By Vicente Morin Aguado
HAVANA TIMES — On New Year’s, mother’s day or any other highlighted date on the calendar, there are long lines out in front of any of the almost 500 Western Union offices that have opened up in the country.
Odilon Molina, President of the multi-national company for the Americas, has stated that the total amount of transfers to Cuba was over 1.2 billion USD last year.
This figure widely exceeds net income from tourism because even though this recreational industry could generate three times more revenue, its earnings are calculated to be between 24 and 30 cents for every dollar according to assessments by several analysts including Cuban economist Omar Everleny.
However, the situation with Western Union is just a slice of the exporting of the country’s work force, not forgetting that almost half a million Cubans living on US soil visited their homeland in 2015, bringing remittances with them, in cash and in kind.
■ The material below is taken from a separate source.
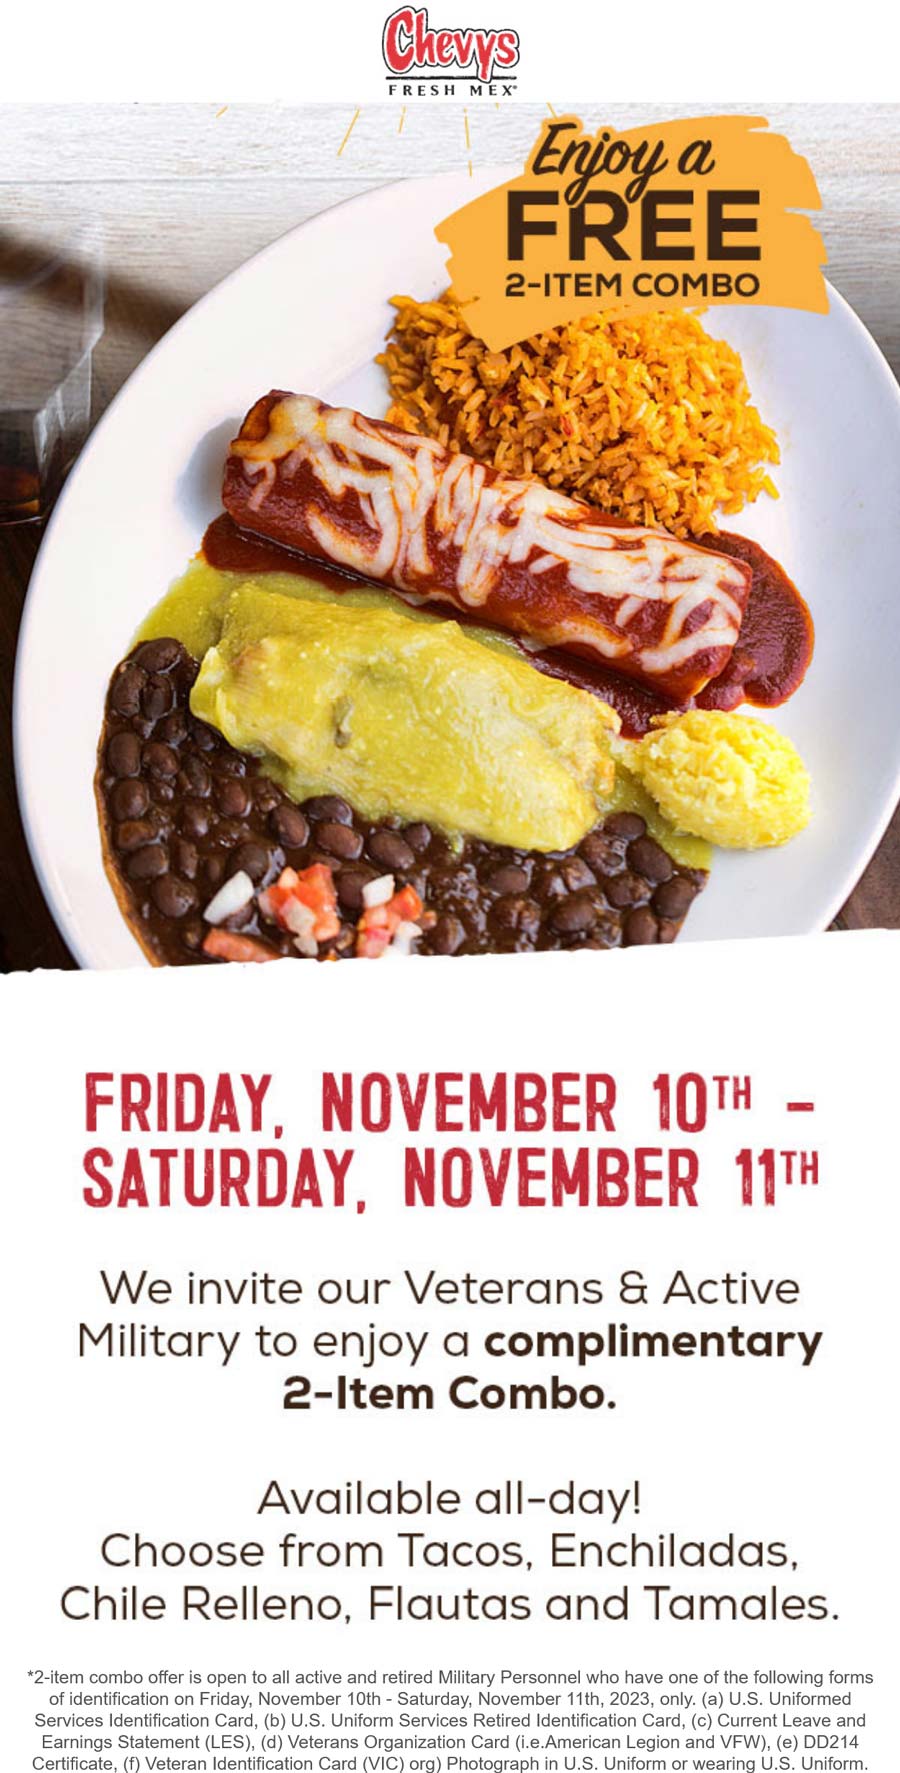 Chevys restaurants Coupon  Active & retired military enjoy a free 2-item combo meal thru Saturday at Chevys Fresh Mex #chevys

As if that wasn’t enough, you have to also take into account contributions made by the Cuban diaspora in Europe and other countries.
The independent organization, The Havana Consulting Group, based in Miami, has taken this matter into their own hands and one of its executives, economist Emilio Morales, gave us the following figures which we will analyze:
– At the end of 2014, Cuban remittances just from the US were estimated to be 3.13 billion USD with an error margin that never exceeded 4%.
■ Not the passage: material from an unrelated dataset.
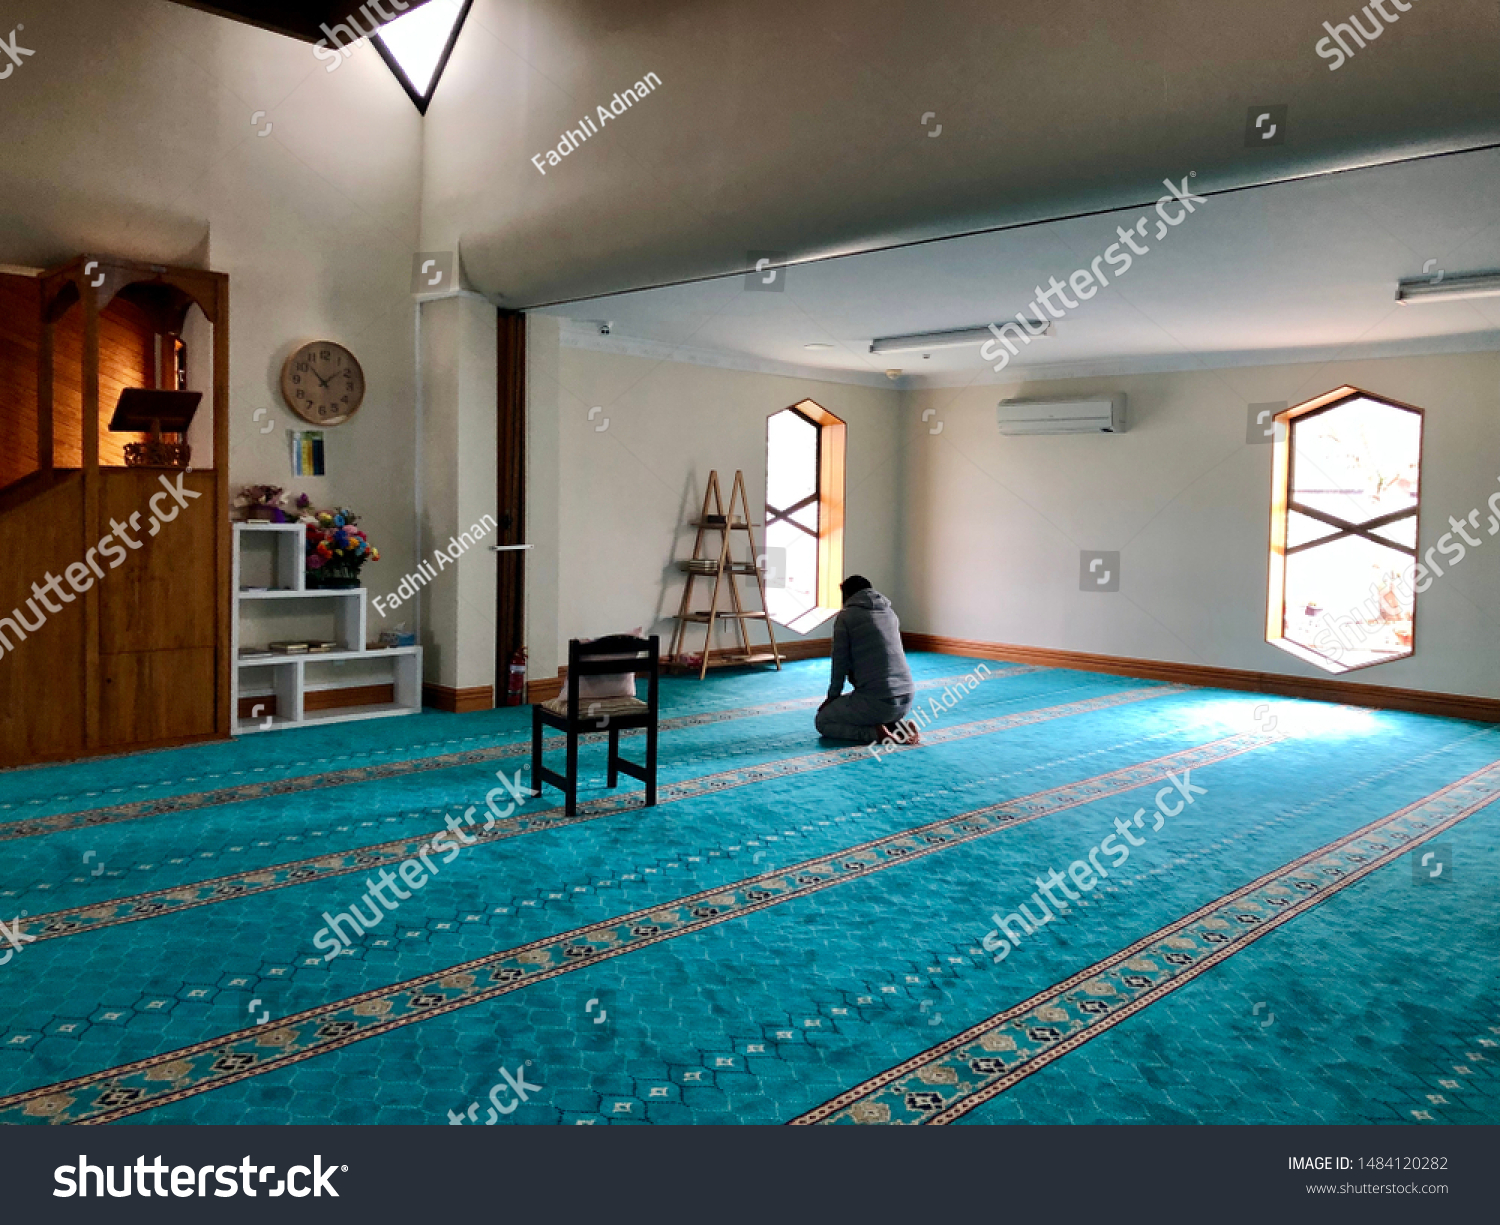 Linwood Islamic Centre Images Stock Photos Vectors Shutterstock

– The active working population in 2014 was 4.96 million. Simple math tells us that emigration created 629.7 USD for every Cuban “working” in the country where people don’t want to work. That translates into 16,100 Cuban pesos – CUP at the official exchange rate of 25 CUP for one Convertible Peso – CUC which is the equivalent of a dollar. That means, given the average salary of 584 CUP today = 7,008 CUP per year, the Cuban work force in the US has provided its birth place with more than double their fellow Cubans living on the island. Emigration is an excellent business.
Exporting the country’s work force isn’t by chance, nor is it the indirect consequence of the disagreement between the Cuban and US government. Back in the 1980s, under the blanket of the Council for Mutual Economic Assistance (COMECON), the now disappeared Socialist Bloc’s international economic body, the supervised sending of Cubans to Eastern Europe and the USSR was widely practiced.
Back then, people’s dreams were a little more modest, they could be realized in a German ETZ motorbike. Jealously kept and sold and resold, thousands of these bikes still travel along our streets. The large number of Cubans who watched the Berlin Wall fall (1989), took advantage of the opportunity and stayed in Europe permanently.
The sale of professional labor reached its climax via the so-called international missions, with public health and Cuban doctors being the focus. This subject was recently written about on Havana Times when dealing specifically with what happened in Venezuela.
In part of the interview Omar Everleny gave to the website 14 y Medio, he clearly stated what the Cuban economy’s sources of income were:
“Services first and foremost. However, payment for services in Venezuela must have decreased because of the latter’s own national crisis, we can estimate that the drop is around 1 billion USD from what was previously paid to Cuba [In 2012, it was estimated that the island earned 8.2 billion USD for medical services, possibly dropping by 1.3 billion today].”
Miami based Cuban economist Emilio Morales advances with figures of why the Cuban government exports its work force:
“If we compare the amount of remittances sent by Cuban emigres per capita with the annual average salary of the active working population in Cuba, (calculated using the official exchange rate – buying USD – at 24/1), the remittances of any ordinary emigre are worth 9.55 annual wages of Cuban workers.”
With regard to medical services, it’s worth remembering that the academic Carmelo Mesa Lago calculated that in the case of Venezuela, at least 10,000 Euros of monthly income is paid per Cuban worker, out of which the State monopoly directly takes between 70-90% leaving the “missionaries” hired in this way without the means to complain.
The final conclusion is simple: incapable of building a productive economy in their own country, the leaders of the Cuban socialist project found a way to market their citizens, via emigres or government to government projects, so their authoritarian system can receive the corresponding benefits where the right to oppose such policy is very limited.